The corollary of the advantage of relatives with extreme phenotypes for QTL mapping is that large differences in phenotypes within families (ie, within-family outliers) can have a large effect on the test statistic for linkage, even if the individual phenotypes are not obvious outliers in the entire sample. Within-family outliers may obscure a real linkage signal or create a false positive one. However, in practice it is usually not known if a within-family outlier arises because of genetic or environmental (eg, measurement error or perinatal trauma) factors. Herein lies the dilemma of how to deal with within-family outliers: under the null hypothesis of no linkage they can create false positives, yet they would be expected under the alternative hypothesis of segregating alleles of large effects. The existence of rare alleles with large effects would require large sample sizes for detection and replication and would obscure the linkage signal at other loci contributing to normal variation. On the other hand, rare alleles of large effect size may be a major contributor to the caseload of clinical geneticists and may point to important pathways in the genetic regulation of a phenotype of interest.
Height is one of the most important anthropometric measures. It has been suggested as an indicator of childhood living conditions4 and has been associated with the risk of coronary heart diseases,5 intelligence,6 educational attainment,7 longevity8 and social mobility.9 Height is also an excellent model trait for studying the genetic architecture of complex quantitative traits.10 It is a normally distributed quantitative trait and highly heritable. A wide variety of genetic designs all converge on a heritability for height of about 0.8.10, 11
To date, numerous QTL for height have been mapped to almost all chromosomes (see Supplementary Table). With the exception of a few regions from a small number of studies, most of them have been mapped with only moderate statistical support (ie, LOD score <3), which is similar to that seen for many complex traits. This suggests that most of the genes influencing height have small to moderate effects. To be able to detect QTL with small to moderate effects, a large sample size is required.12 Therefore, using a large sample size of 8447 individuals from 2861 families of twins, our study aimed: (1) to detect chromosomal regions influencing height, including those with smaller effect sizes that may be missed by studies using smaller samples; (2) to replicate previously reported chromosomal regions affecting height; and (3) to empirically investigate the effect of within-family outliers on the evidence for linkage.
Subjects and methods
The study was approved by the Human Research Ethics Committee of the Queensland Institute of Medical Research and all participants gave their signed informed consent.

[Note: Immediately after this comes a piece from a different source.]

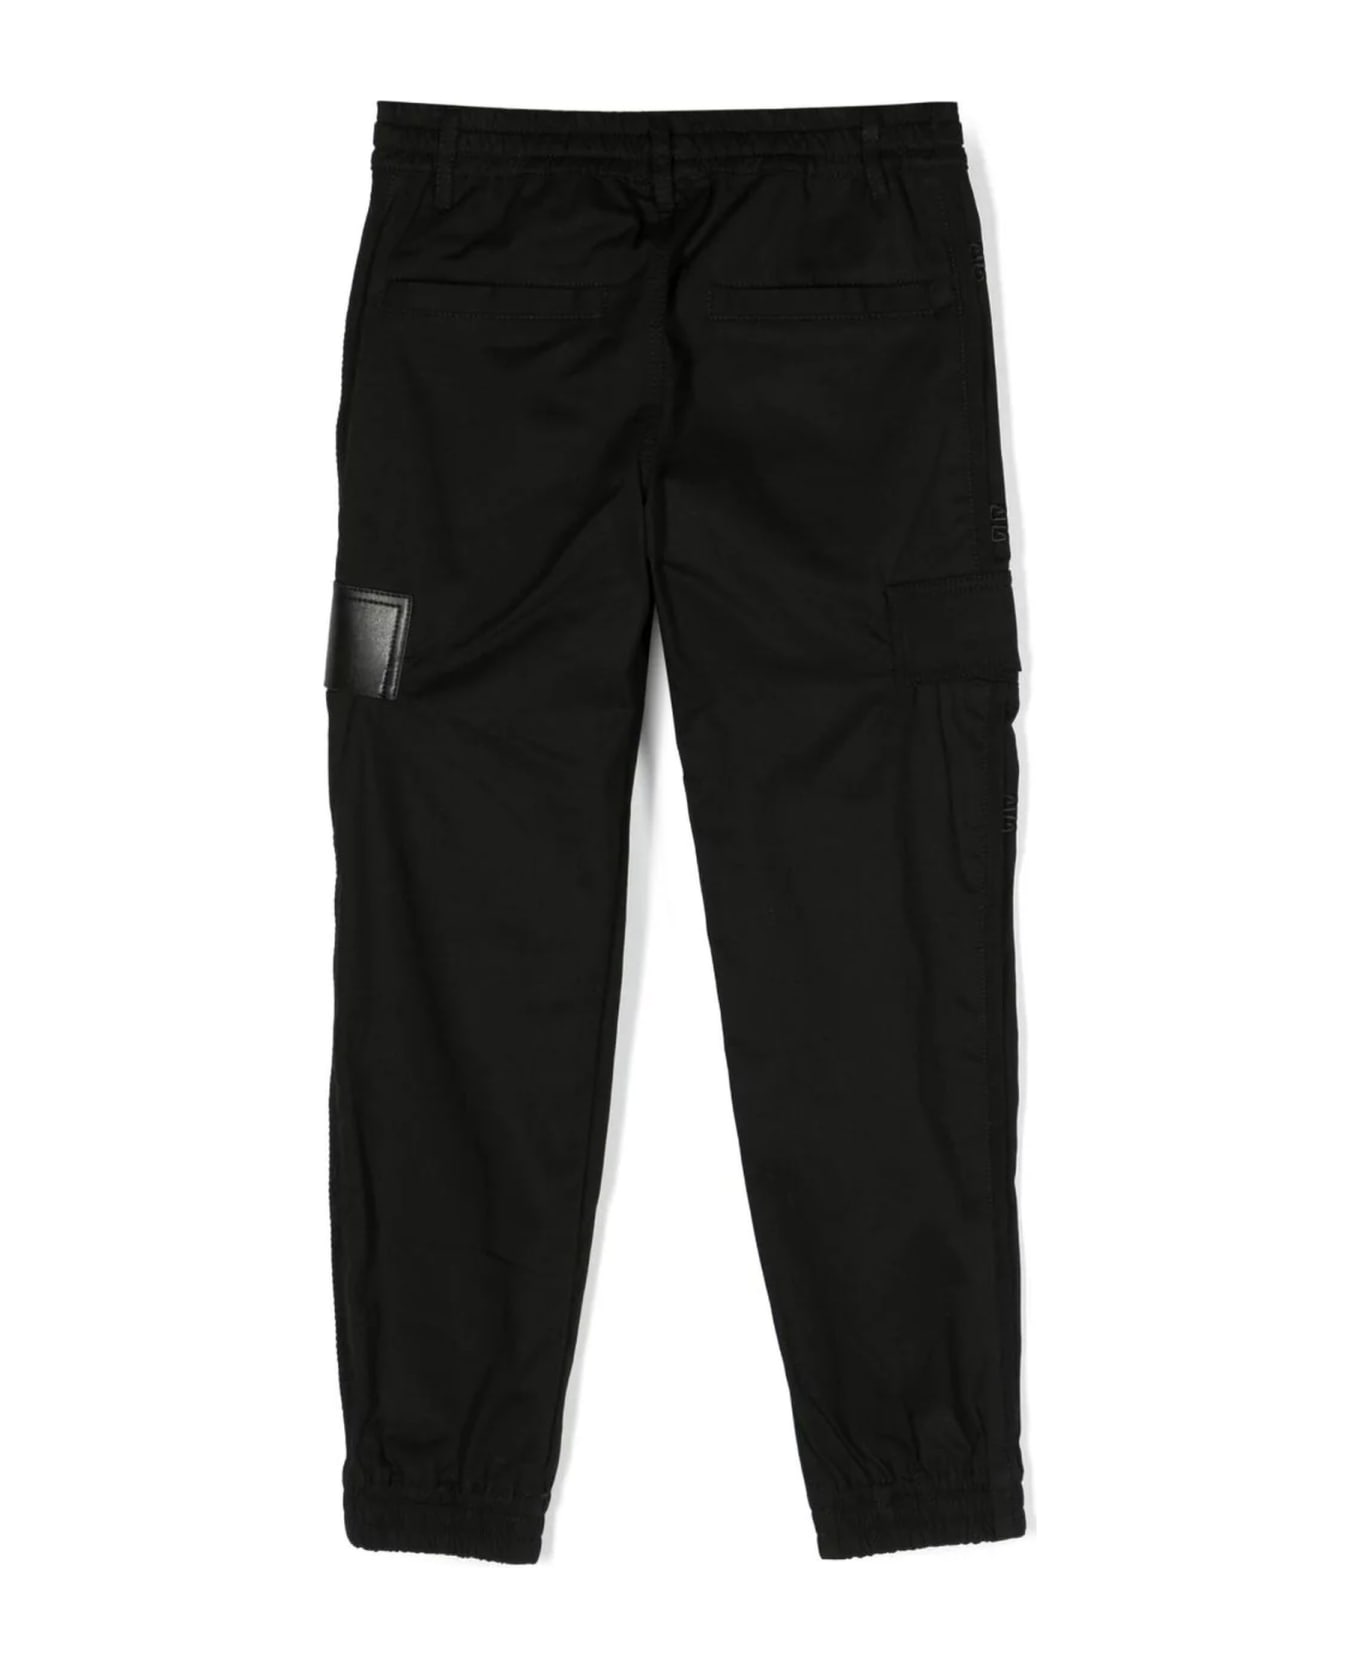 Givenchy Kids Trousers Black - Black ボトムス

The subjects were drawn from two cohorts, an adolescent and an adult cohort. The younger cohort constituted adolescent twins and their siblings who participated in various studies conducted at the Genetic Epidemiology Laboratory of the Queensland Institute of Medical Research, Australia. Height for these individuals was measured by a nurse using a stadiometer at the age of 12 and 14 as part of a melanoma risk factors study13 and at the age of 16 for a study on cognition.14 From these adolescents, we chose the measurement at the age of 16, which was available on 1575 individuals.
The adult cohort constituted twins and their families (eg, parents and other family relationships) who had been drawn from the Australian Twin Registry for various studies, including asthma and allergy,15 anxiety and depression,16 alcoholism17 and factors for cardiovascular disease.18 From the adult cohort, clinical measurement and/or self-reported height were available from 36 427 individuals and more than one measurement was available for some individuals due to their participation in multiple studies. Following Cornes et al,19 rules were implemented to select the most accurate measurement for further analysis. Briefly, if a clinical measurement was available for an individual, it was used for the analysis. Out of 36 427 individuals, clinical measurements were available for 5129 individuals (14.1%). If there was more than one measurement, the most recent measurement was chosen subject to consistency checks (see Supplementary Figure).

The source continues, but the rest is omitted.